Practical Example: Complete Python Application
A realistic Python web application using the two-image pattern includes a builder stage starting from python:3.11, installing build dependencies, copying dependency files, installing all dependencies (prod + dev), copying source code, and running tests and linting. The runtime stage starts from python:3.11-slim, creates a non-root user, copies only production dependencies, copies application code, sets non-root user, enables health checks, and runs the application.
Final image includes no test frameworks (pytest gone), no linting tools (black, mypy gone), no build tools (gcc, etc. gone), only Python runtime plus production dependencies plus app code, runs as non-root user, health checks enabled, and is ~150 MB total.

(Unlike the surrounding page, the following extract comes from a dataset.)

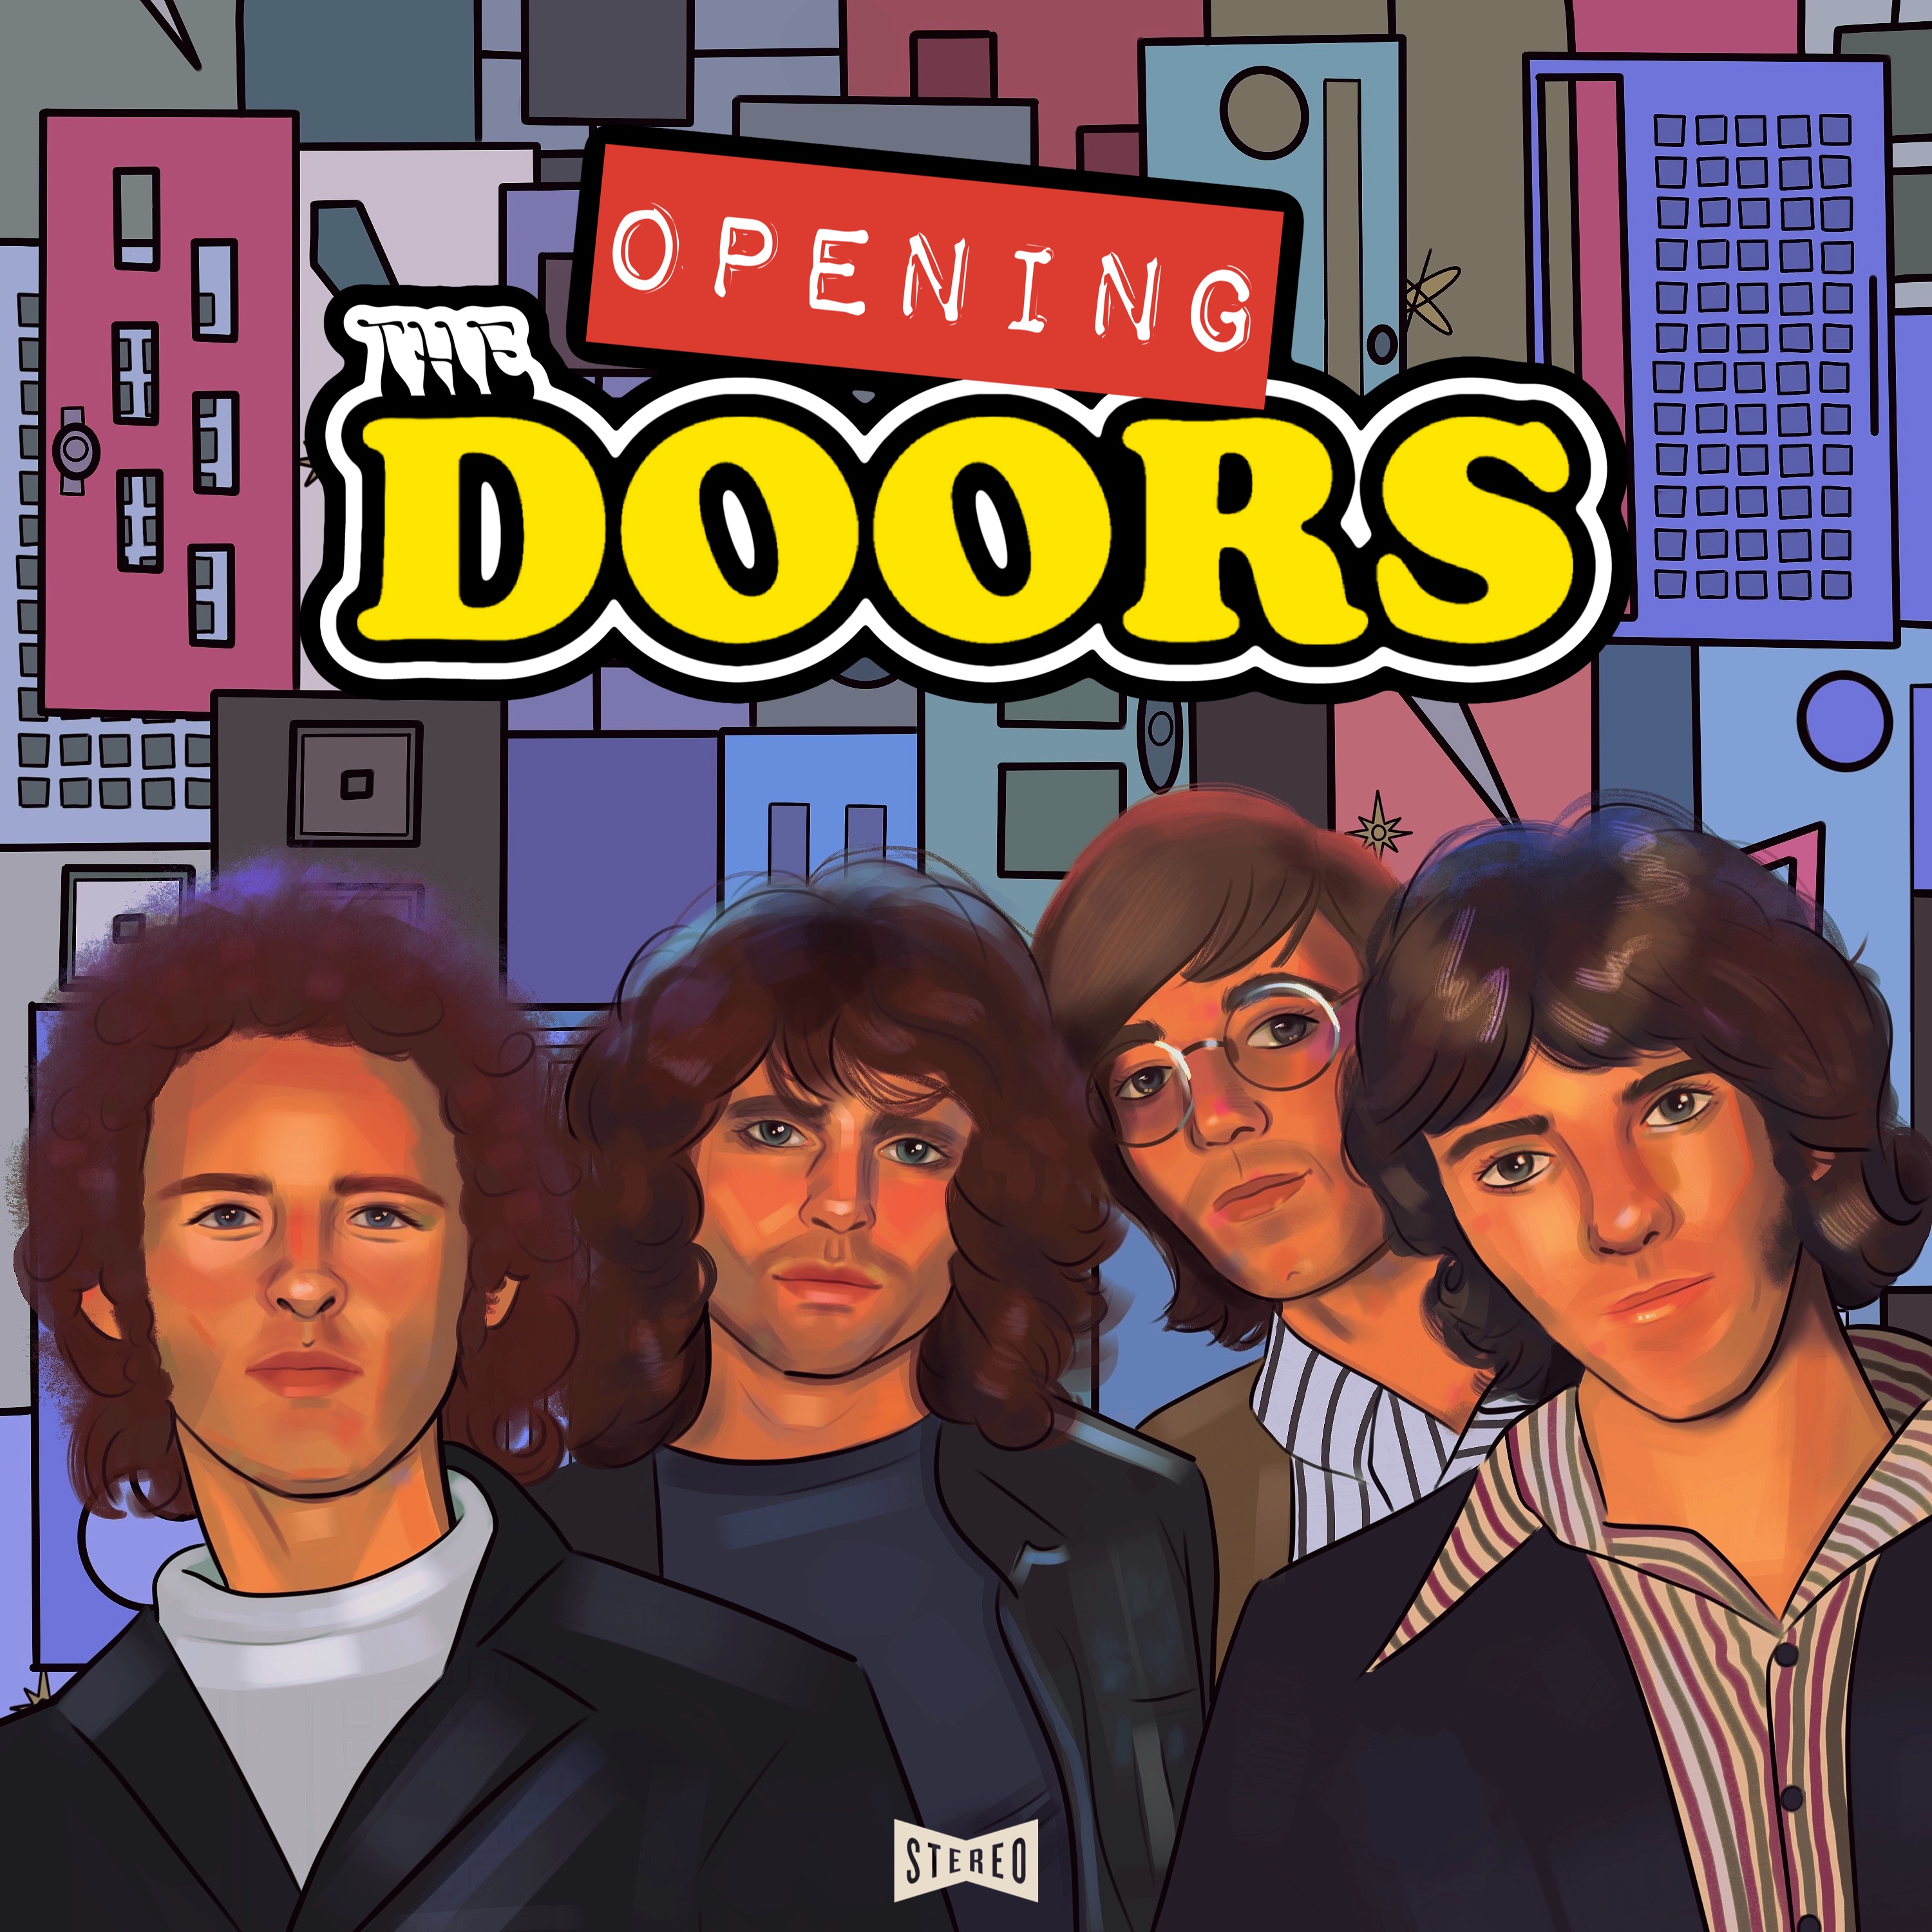 doors players when they open doors [idk i never played doors /j

Summary: Two Images for Success
The two-image pattern offers multiple significant benefits that compound to improve production reliability and security. It separates concerns by keeping build complexity contained in the builder stage separate from runtime simplicity in the production stage. It reduces image size by five to ten times in production images, directly improving deployment speed and registry efficiency. It improves security with fewer packages, fewer potential CVEs, and a limited attack surface for adversaries. It speeds deployment through faster image pulls across networks and faster container startup times. It simplifies vulnerability scanning with less surface area to scan and fewer false positives from development-only packages. It enables testing by allowing comprehensive test suites to run in the build stage while the runtime image can be deployed with confidence.
Build images are intentionally large and complex, including all tools needed for compilation and testing. Runtime images are small and focused, containing only what's needed to execute. Use both together as part of a complete, secure build and deployment pipeline.
For any application with compilation or a build step, multi-stage builds are not optional—they're essential for production readiness and security.